CULTURA
Al via il 19 gennaio al Caffè Letterario dell’Istituto italiano di Cultura
BUDAPEST – Nuovo appuntamento a Budapest con i grandi romanzi italiani, classici e contemporanei: lunedì 19 gennaio si inaugura nella capitale ungherese il ciclo di incontri al Caffè Letterario dell’Istituto Italiano di Cultura. Per sei mesi, fino a giugno, un appuntamento mensile con un’opera italiana accompagnata da una tazza di caffè da degustare.
Si comincia con “Gli arancini di Montalbano” di Andrea Camilleri raccontato da Michele Sità, per proseguire il 16 febbraio con Margit Lukacs che presenta al pubblico “Sostiene Pereira” e “Tristano muore” di Antonio Tabucchi.
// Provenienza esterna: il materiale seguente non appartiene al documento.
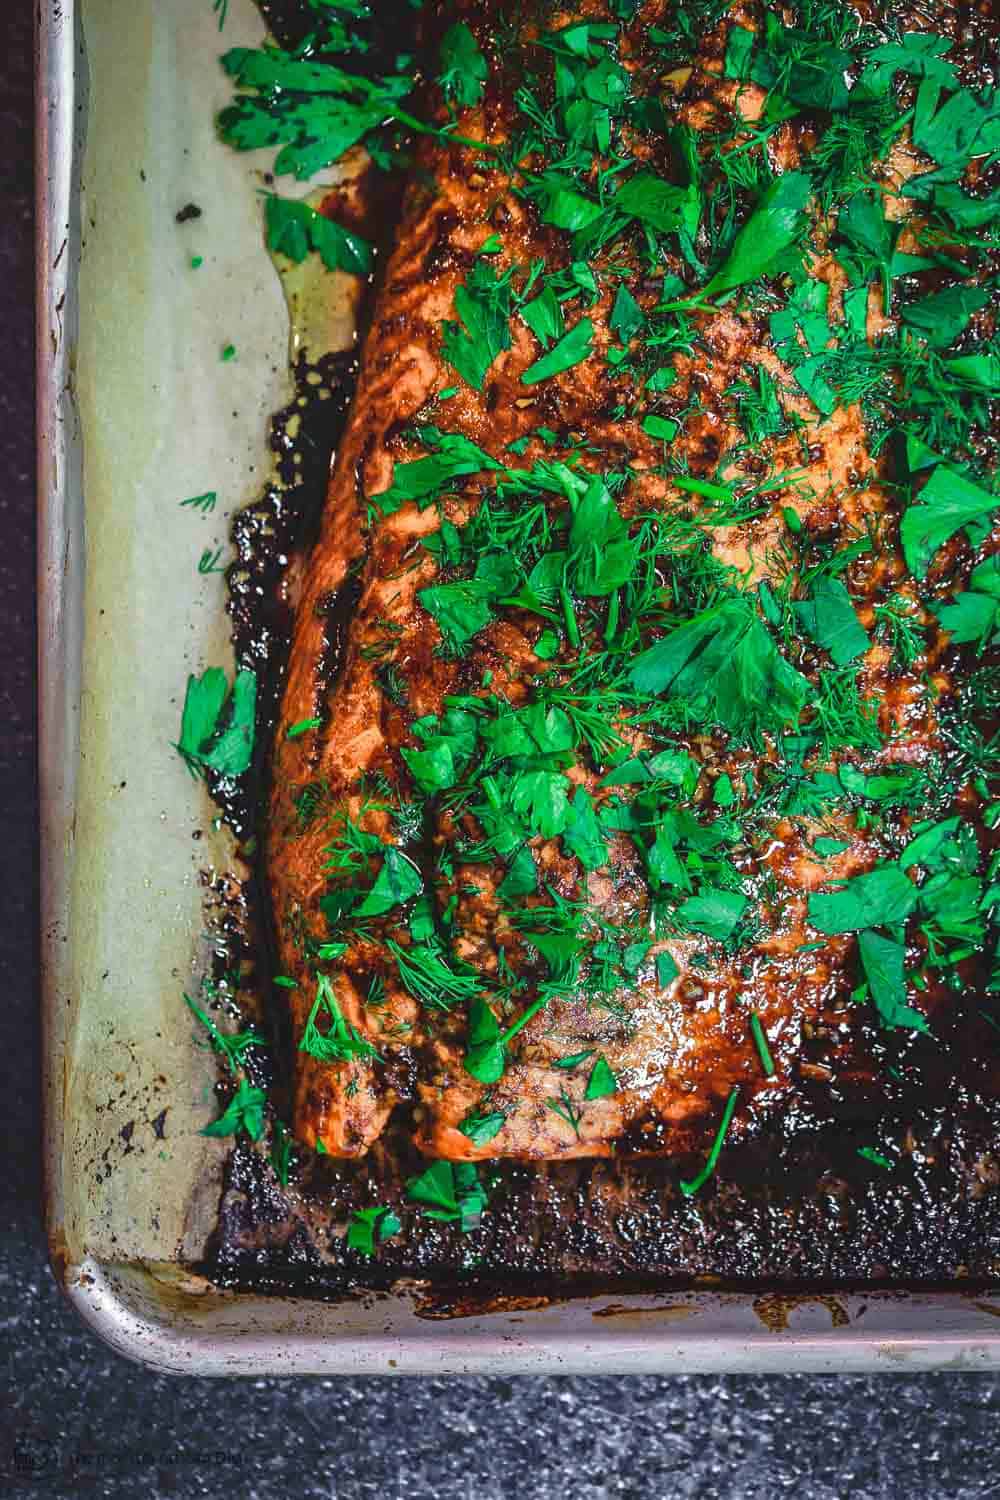 Baked Salmon garnished with fresh dill and parsley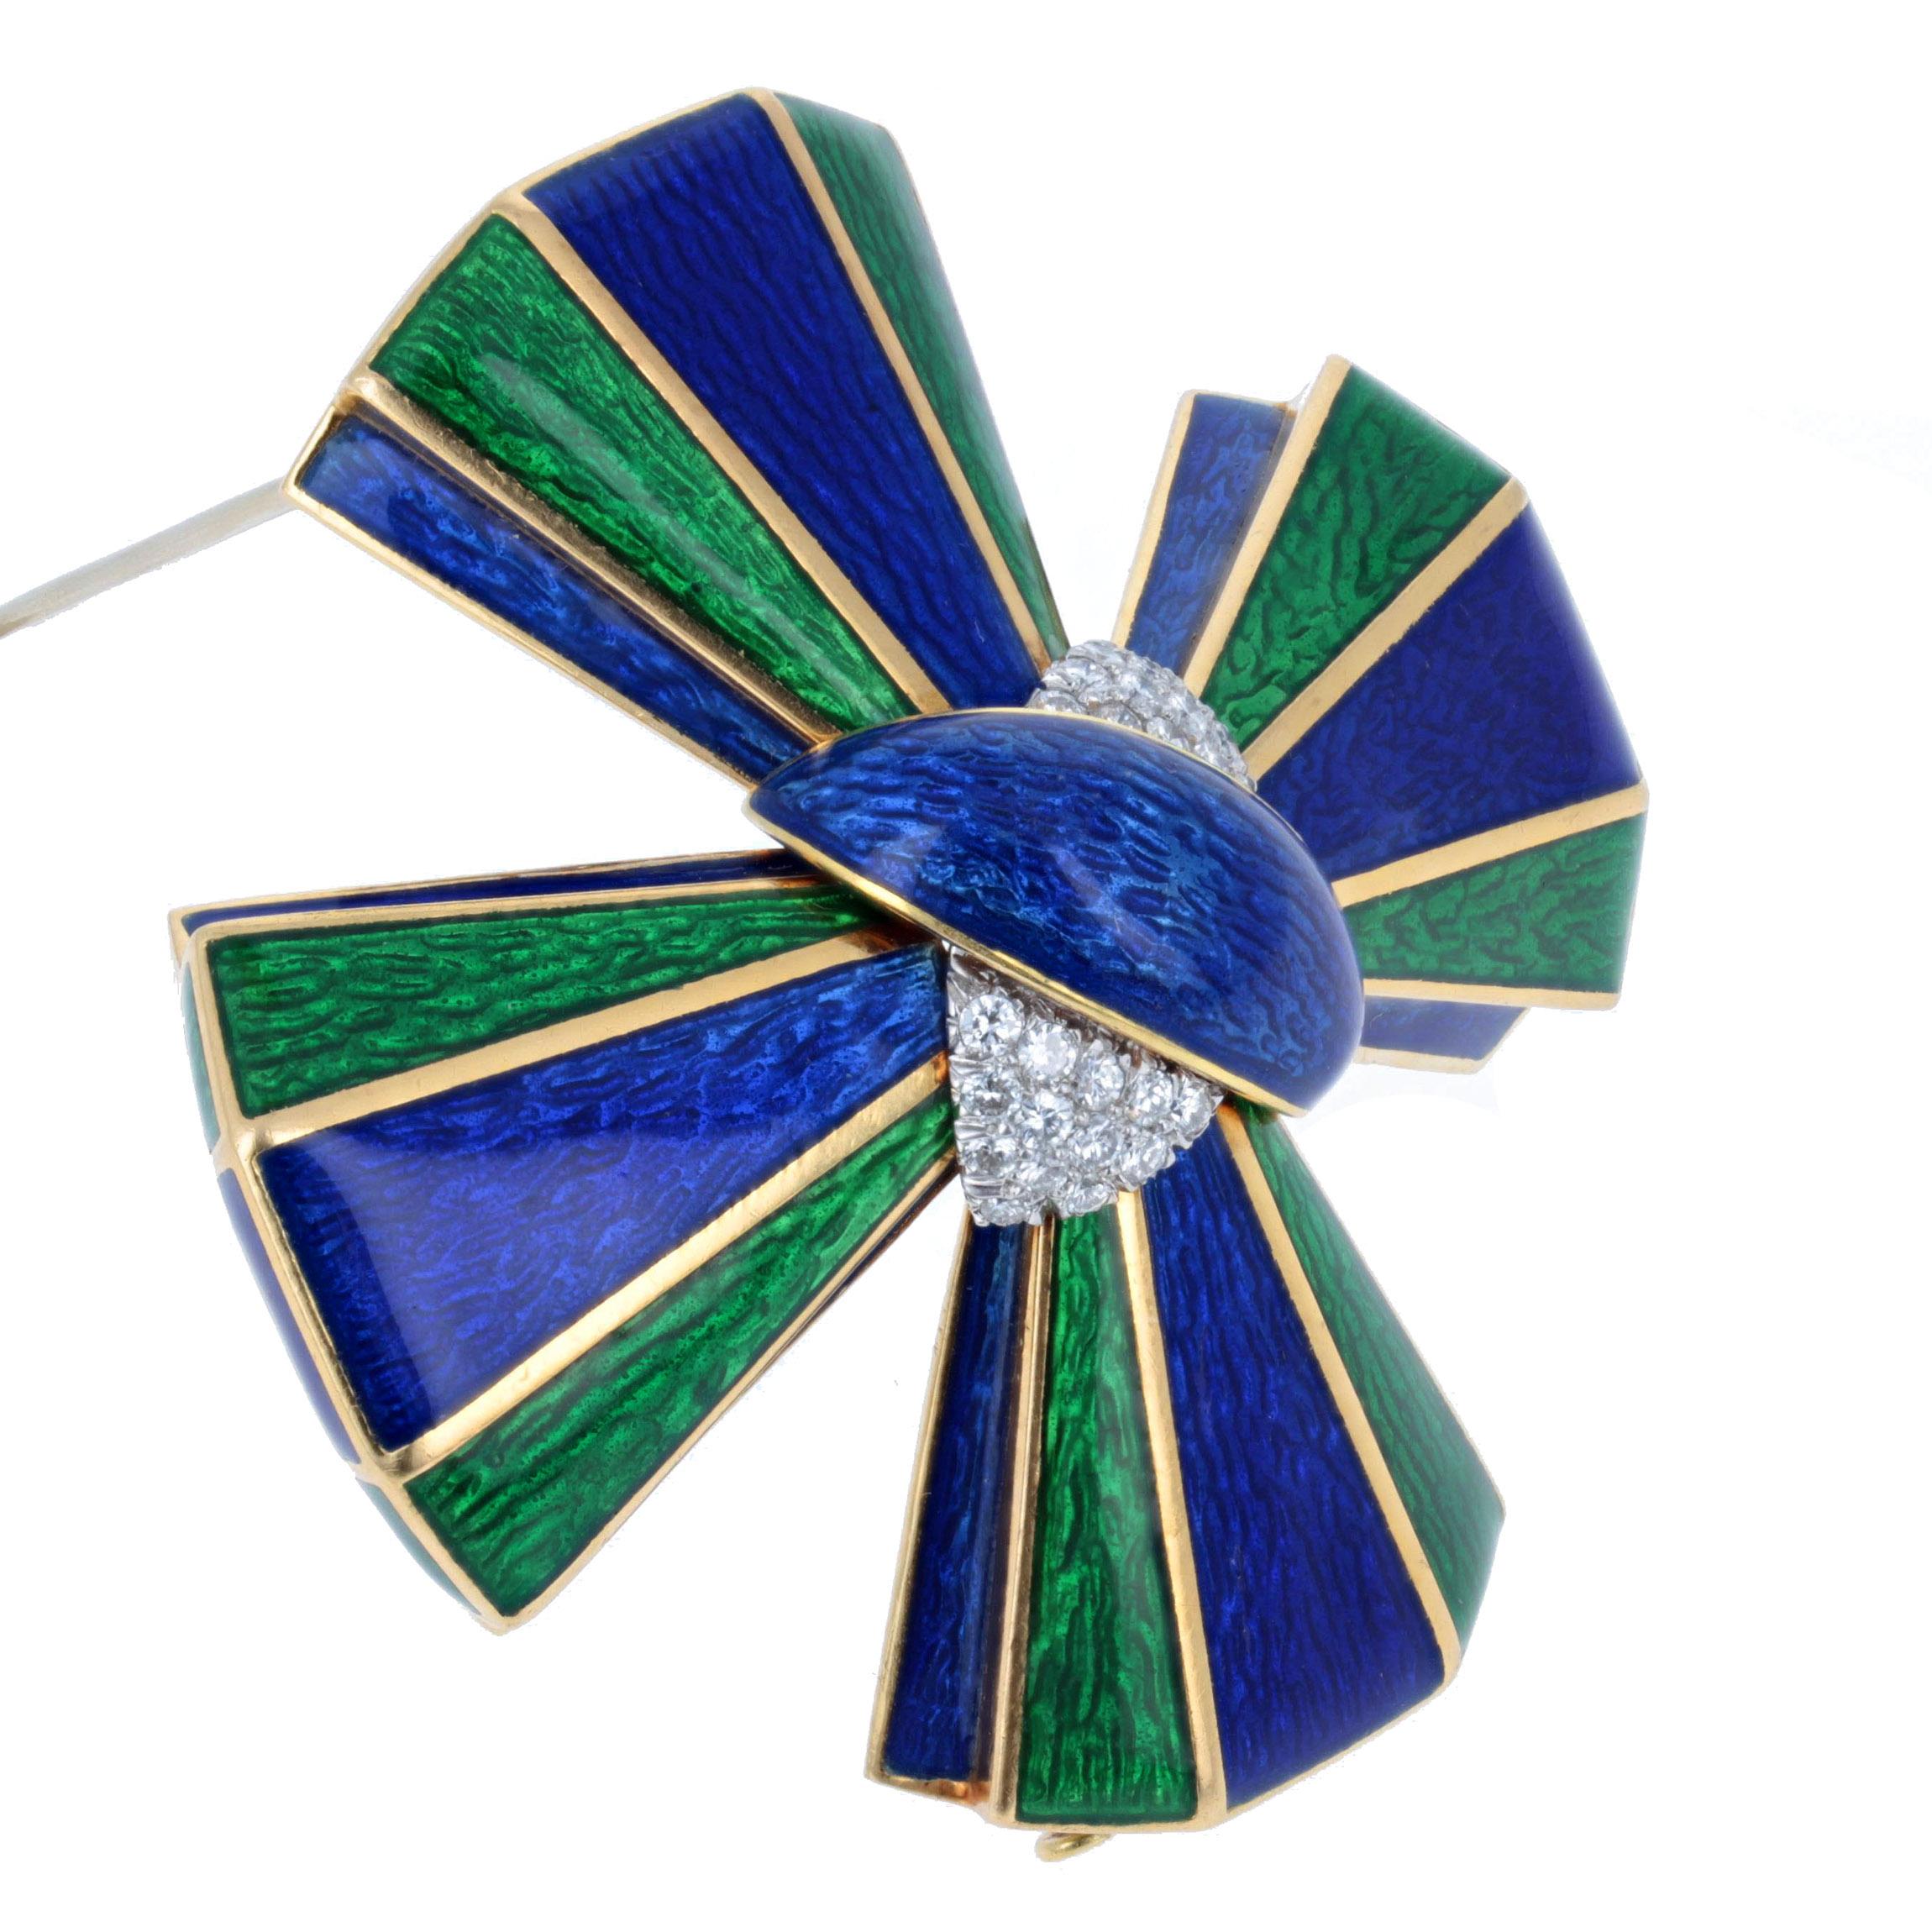 This bold brooch is designed as a Maltese cross with a vivid and translucent combination of emerald green and royal blue enamel alternating throughout and centering upon a knot of the same blue enamel and pave set diamonds that weigh approximately

Spazio a Paolo Chicca e al suo “La maledizione di Mezzapica” il 9 marzo con la partecipazione di Elisabetta Rolando, mentre il 13 aprile sarà il turno di Imre Barna che racconta “Il nome della rosa” e “Numero zero” di Umberto Eco. Il 25 maggio è di scena Szabo Gyozo con “Il visconte dimezzato”,”Il barone rampante” e “Il cavaliere inesistente” di Italo Calvino, mentre la conclusione l’8 giugno è affidata a Maria Barna con “Quanta stella c’è nel cielo” di Edith Bruck. (Inform)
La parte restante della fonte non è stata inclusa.